Cannot include $$Y$$ in $$Z$$ without adding random errors to imputed values as done with multiple imputation (would steal info from $$Y$$)
• Recursive partitioning can sometimes be helpful for nonparametrically estimating conditional means
N

## 3.8 Multiple Imputation

• Single imputation could use a random draw from the conditional distribution for an individual
$$\hat{X}_{j} = Z \hat{\theta} + \hat{\epsilon}, Z = [X\bar{j}, Y]$$ plus auxiliary variables
$$\hat{\epsilon} = n(0, \hat{\sigma})$$ or a random draw from the calculated residuals
• bootstrap
• approximate Bayesian bootstrap : sample with replacement from sample with replacement of residuals
• Multiple imputations ($$M$$) with random draws
• Draw sample of $$M$$ residuals for each missing value to be imputed
• Average $$M$$ $$\hat{\beta}$$
• In general can provide least biased estimates of $$\beta$$
• Simple formula for imputation-corrected var($$\hat{\beta}$$)
Function of average “apparent” variances and between-imputation variances of $$\hat{\beta}$$
• Even when the $$\chi^2$$ distribution is a good approximation when data have no missing values, the $$t$$ or $$F$$ distributions are needed to have accurate $$P$$-values and confidence limits when there are missings
• BUT full multiple imputation needs to account for uncertainty in the imputation models by refitting these models for each of the $$M$$ draws
• transcan does not do that; aregImpute does
• Note that multiple imputation can and should use the response variable for imputing predictors
• aregImpute algorithm
• Takes all aspects of uncertainty into account using the bootstrap
• Different bootstrap resamples used for each imputation by fitting a flexible additive model on a sample with replacement from the original data
• This model is used to predict all of the original missing and non-missing values for the target variable for the current imputation
• Uses flexible parametric additive regression models to impute
• There is an option to allow target variables to be optimally transformed, even non-mono-ton-ical-ly (but this can overfit)
• By default uses predictive mean matching for imputation; no residuals required (can also do more parametric regression imputation)
• By default uses weighted PMM; many other matching options
• Uses by default van~Buuren’s “Type 1” matching to capture the right amount of uncertainty by computing predicted values for missing values using a regression fit on the bootstrap sample, and finding donor observations by matching those predictions to predictions from potential donors using the regression fit from the original sample of complete observations
• When a predictor of the target variable is missing, it is first imputed from its last imputation when it was a target variable
• First 3 iterations of process are ignored (“burn-in”)
• Compares favorably to R MICE approach
• Example:
OP
Code
a <- aregImpute(~ age + sex + bp + death + heart.attack.before.death,
data=mydata, n.impute=5)
f <- fit.mult.impute(death ~ rcs(age,3) + sex +
rcs(bp,5), lrm, a, data=mydata)

See Barzi & Woodward (2004) for a nice review of multiple imputation with detailed comparison of results (point estimates and confidence limits for the effect of the sometimes-missing predictor) for various imputation methods. Barnes et al. (2006) have a good overview of imputation methods and a comparison of bias and confidence interval coverage for the methods when applied to longitudinal data with a small number of subjects.
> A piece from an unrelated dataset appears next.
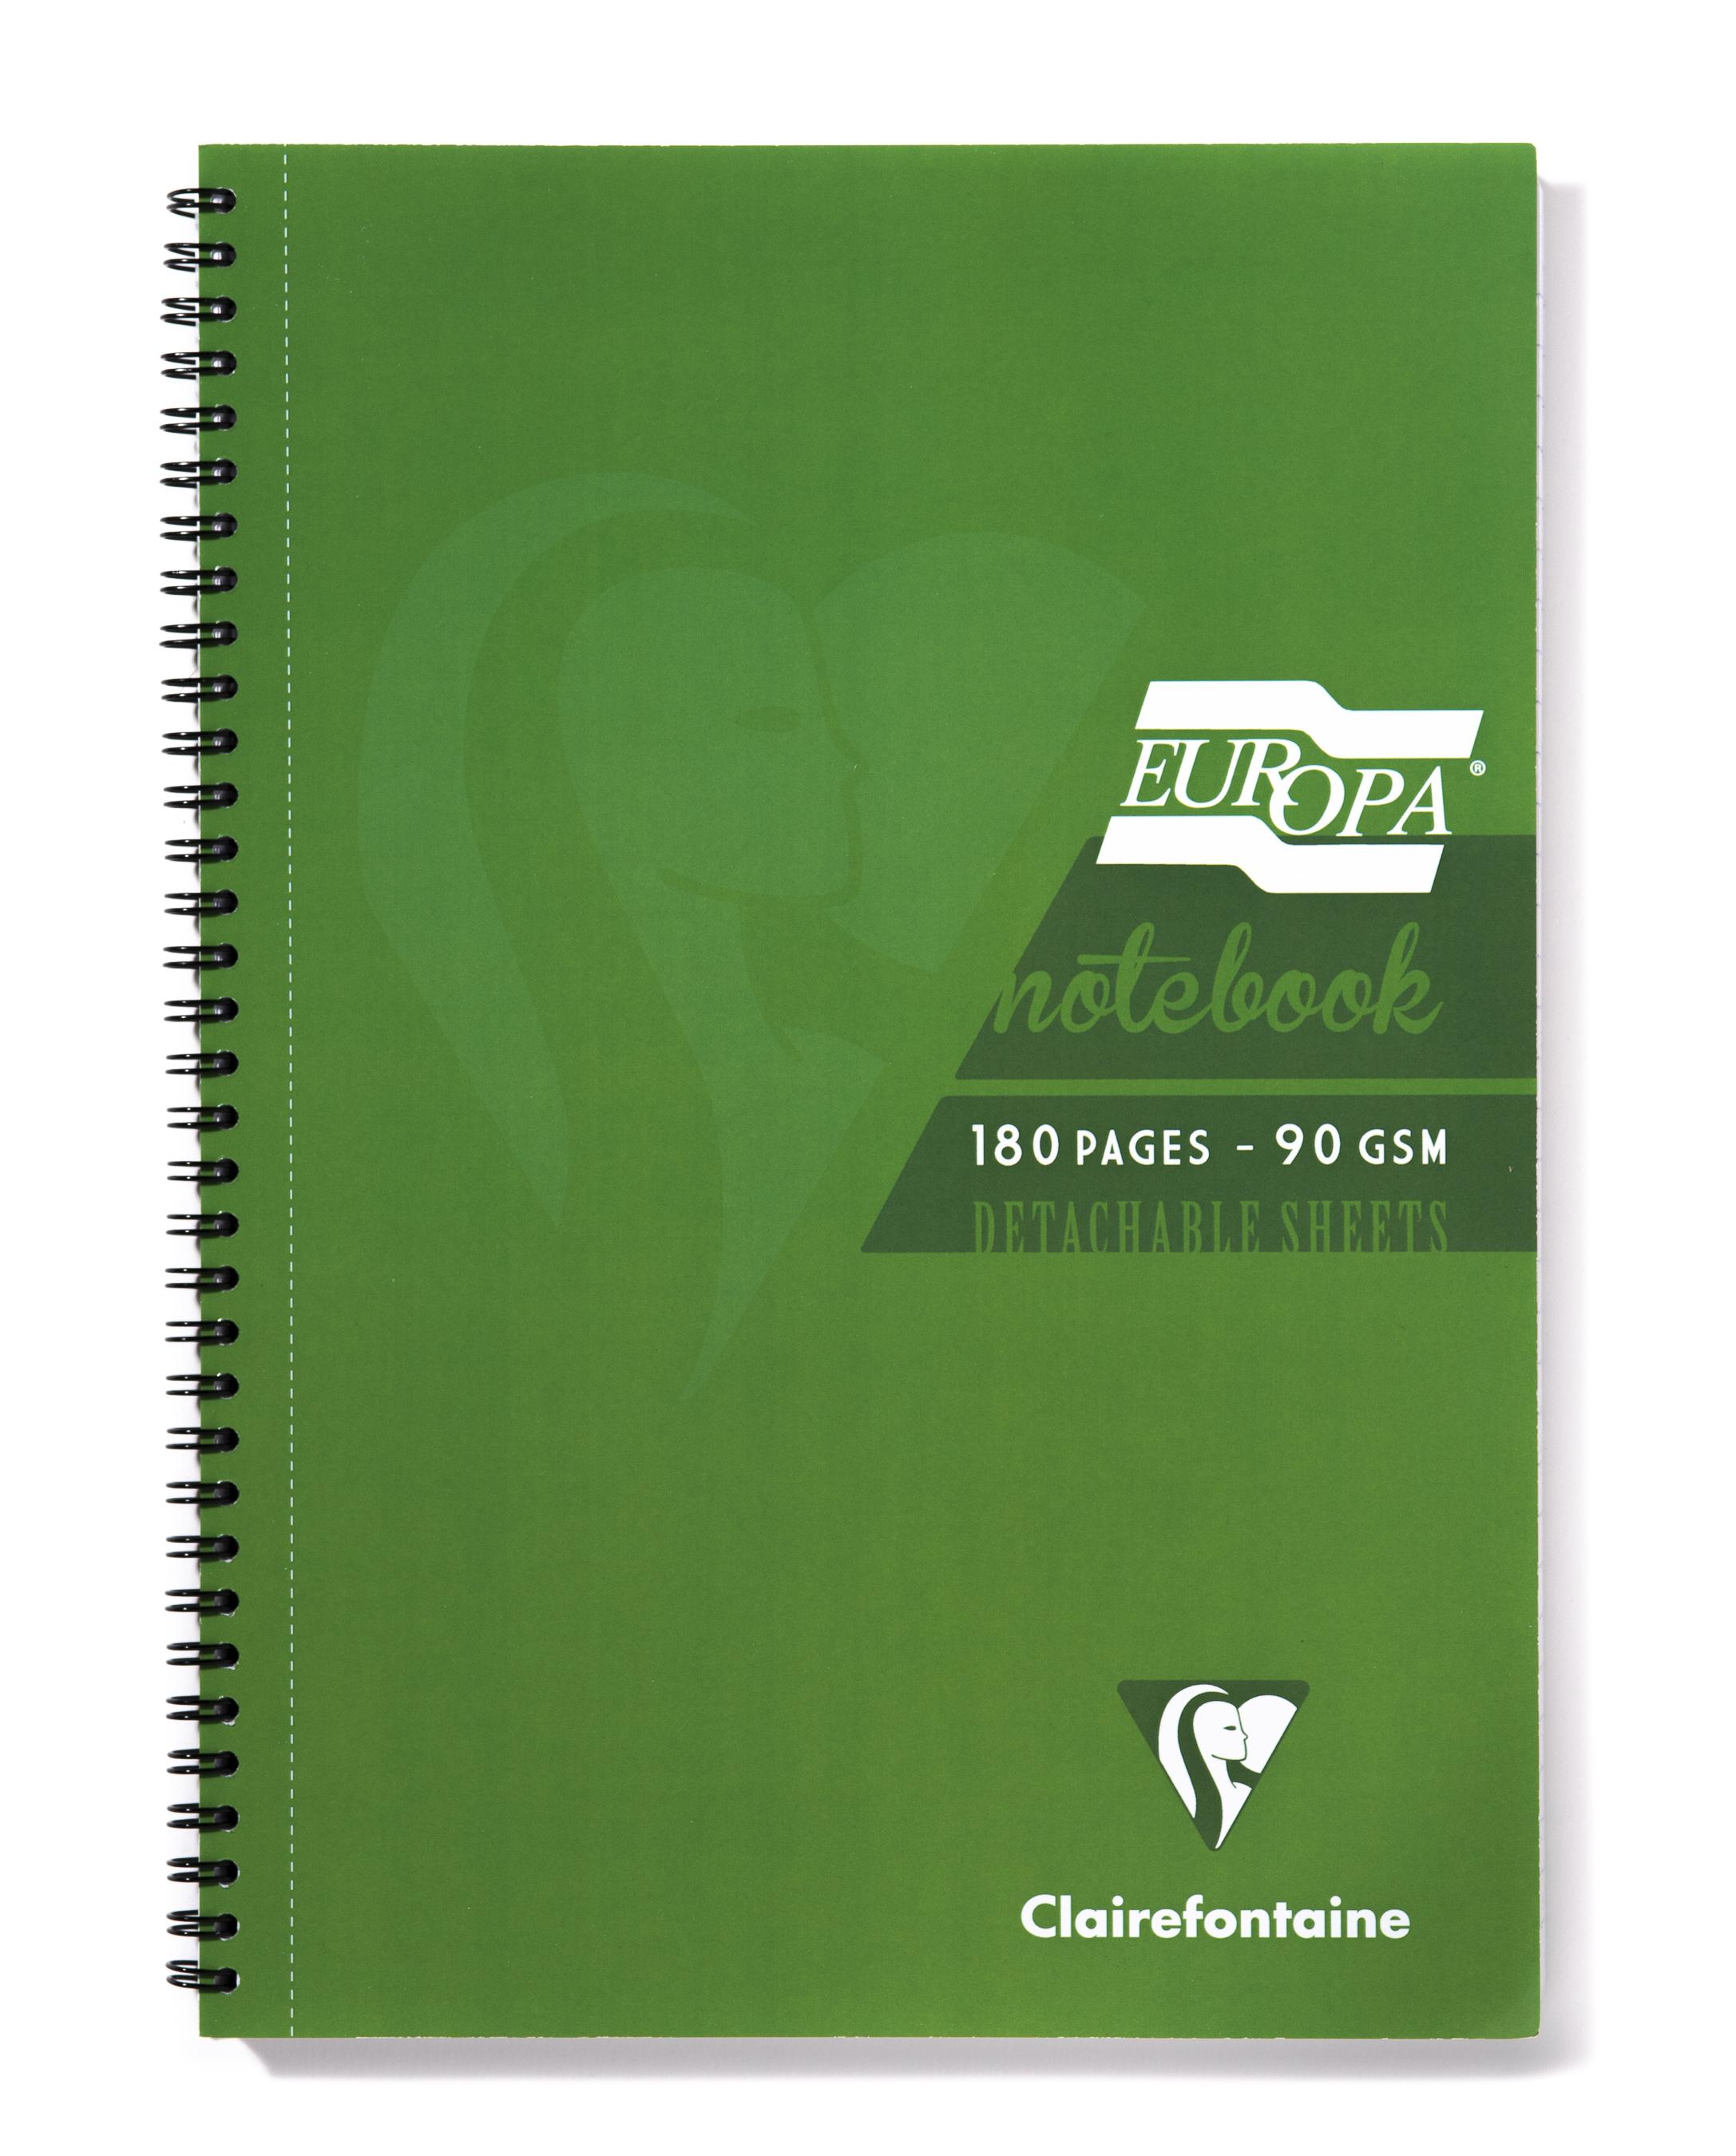 Europa A4 Sidebound Notebook Green PK5

Horton & Kleinman (2007) have a good review of several software packages for dealing with missing data, and a comparison of them with aregImpute. Harel & Zhou (2007) provide a nice overview of multiple imputation and discuss some of the available software. White & Carlin (2010) studied bias of multiple imputation vs. complete-case analysis. White et al. (2011) provide much practical guidance.
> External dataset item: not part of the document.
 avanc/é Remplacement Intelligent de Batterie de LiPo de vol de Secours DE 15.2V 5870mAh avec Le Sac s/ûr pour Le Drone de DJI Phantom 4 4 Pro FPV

Caution: Methods can generate imputations having very reasonable distributions but still not having the property that final response model regression coefficients have nominal confidence interval coverage. It is worth checking that imputations generate the correct collinearities among covariates.

• With MICE and aregImpute we are using the chained equation approach
• Chained equations handles a wide variety of target variables to be imputed and allows for multiple variables to be missing on the same subject
• Iterative process cycles through all target variables to impute all missing values
• Does not attempt to use the full Bayesian multivariate model for all target variables, making it more flexible and easy to use
• Possible to create improper imputations, e.g., imputing conflicting values for different target variables
• However, simulation studies demonstrate very good performance of imputation based on chained equations
QR

## 3.9 Diagnostics

• MCAR can be partially assessed by comparing distribution of non-missing $$Y$$ for those subjects with complete $$X$$ vs. those subjects having incomplete $$X$$
• Yucel and Zaslavsky (Yucel & Zaslavsky, 2008; see also He & Zaslavsky, 2012)
• Interested in reasonableness of imputed values for a sometimes-missing predictor $$X_{j}$$
• Duplicate entire dataset
• In the duplicated observations set all non-missing values of $$X_{j}$$ to missing; let $$w$$ denote this set of observations set to missing
• Develop imputed values for the missing values of $$X_{j}$$
• In the observations in $$w$$ compare the distribution of imputed $$X_{j}$$ to the original values of $$X_{j}$$
• Bondarenko & Raghunathan (2016) present a variety of useful diagnostics on the reasonableness of imputed values.
S ## 3.10 Summary and Rough Guidelines

T
Table 3.1: Summary of methods for dealing with missing values
Method: Deletion Single Multiple
Allows non-random missing x x
Reduces sample size x
Apparent S.E. of $$\hat{\beta}$$ too low x
Increases real S.E. of $$\hat{\beta}$$ x
$$\hat{\beta}$$ biased if not MCAR x

The following contains crude guidelines. Simulation studies are needed to refine the recommendations. Here $$f$$ refers to the proportion of observations having any variables missing.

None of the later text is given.